EDIT: Nevermind. The Mixtral example converts BF16 to F32 for Metal, so needs 180G mem then.
let dtype = if device.is_cuda() {
DType::BF16
} else {
DType::F32
};
I'm also encountering this. Running the Q4_K_M version of this model: https://huggingface.co/TheBloke/dolphin-2.7-mixtral-8x7b-GGUF/blob/main/dolphin-2.7-mixtral-8x7b.Q4_K_M.gguf
Full stack trace:
thread 'main' panicked at inference_demo/src/main.rs:178:11:
called Result::unwrap()
on an Err
value: device mismatch in matmul, lhs: Metal { gpu_id: 4294969767 }, rhs: Cpu
0: std::backtrace_rs::backtrace::libunwind::trace
at /rustc/aedd173a2c086e558c2b66d3743b344f977621a7/library/std/src/../../backtrace/src/backtrace/libunwind.rs:104:5
1: std::backtrace_rs::backtrace::trace_unsynchronized
at /rustc/aedd173a2c086e558c2b66d3743b344f977621a7/library/std/src/../../backtrace/src/backtrace/mod.rs:66:5
2: std::backtrace::Backtrace::create
at /rustc/aedd173a2c086e558c2b66d3743b344f977621a7/library/std/src/backtrace.rs:331:13
3: candle_core::error::Error::bt
at /Users/kurt/.cargo/registry/src/index.crates.io-6f17d22bba15001f/candle-core-0.4.1/src/error.rs:227:25
4: candle_core::storage::Storage::same_device
at /Users/kurt/.cargo/registry/src/index.crates.io-6f17d22bba15001f/candle-core-0.4.1/src/storage.rs:49:17
5: candle_core::storage::Storage::matmul
at /Users/kurt/.cargo/registry/src/index.crates.io-6f17d22bba15001f/candle-core-0.4.1/src/storage.rs:655:9
6: candle_core::tensor::Tensor::matmul
at /Users/kurt/.cargo/registry/src/index.crates.io-6f17d22bba15001f/candle-core-0.4.1/src/tensor.rs:1169:23
7:
That's odd, I just ran the model you mentioned on cuda without any issue (and cuda / metal should have similar behavior when it comes to such errors).

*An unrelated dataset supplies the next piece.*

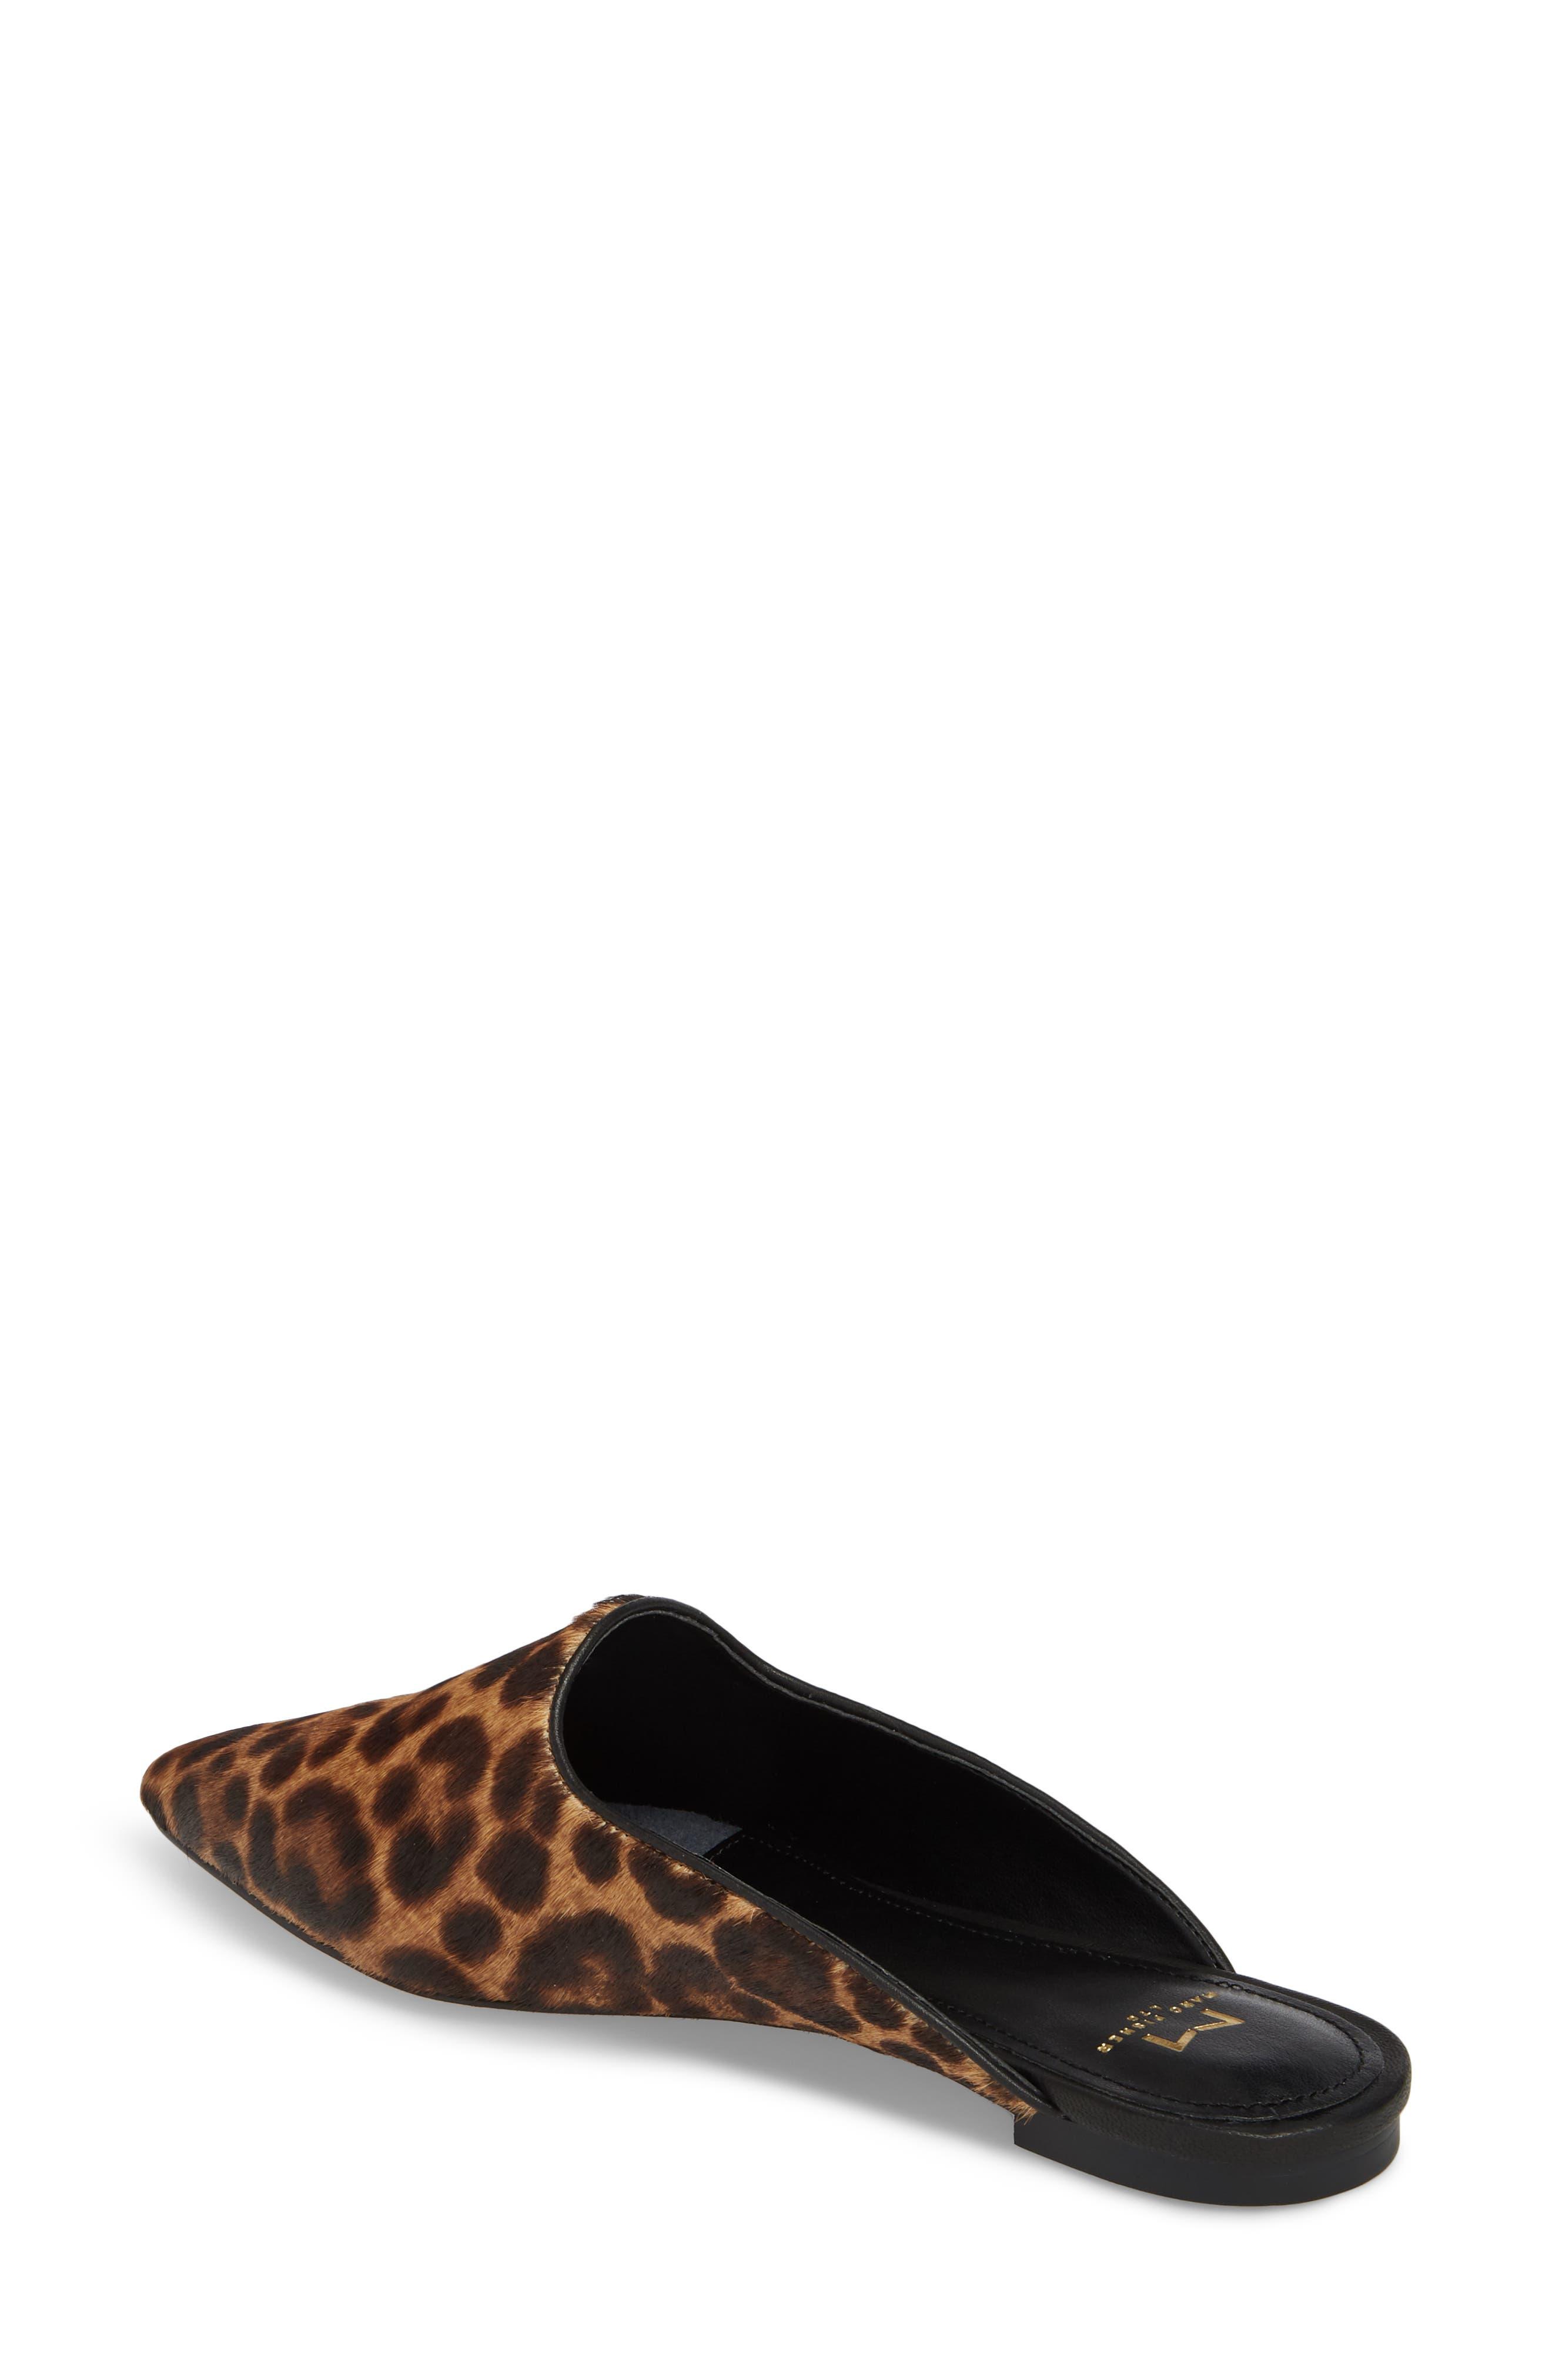 Sheenly Genuine Calf Hair Mule,                             Alternate thumbnail 2, color,                             Leopard Hair Calf

Is it possible that your code in inference_demo
is not moving the input tensors to the metal device and keeps them on cpu?
How would I check that?
There is no implicit device in candle so you explicitely set the device each time you create a tensor or the device is inferred from the argument in the case of operations on tensors. You would want to check that the tensor inputs are appropriately sent on your device as is done here for example. You would also want to check that you're loading the model on the same device. My guess is that somewhere in your code you may have some hardcoded Device::Cpu
.
You can also print the device of your tensor so that it's easier to narrow done where this is coming from.
The hardcoded Device::Cpu
was actually in the quantized matmul
implementation of candle-core v4.1
, which is fixed in the latest release, so at least that one is solved 😄
I found the mixtral example in this repo, and try to run it on A100 80GB, but the default Mixtral-8x7B-v0.1 runs out of memory.
I was curious what GPU can run it in one card?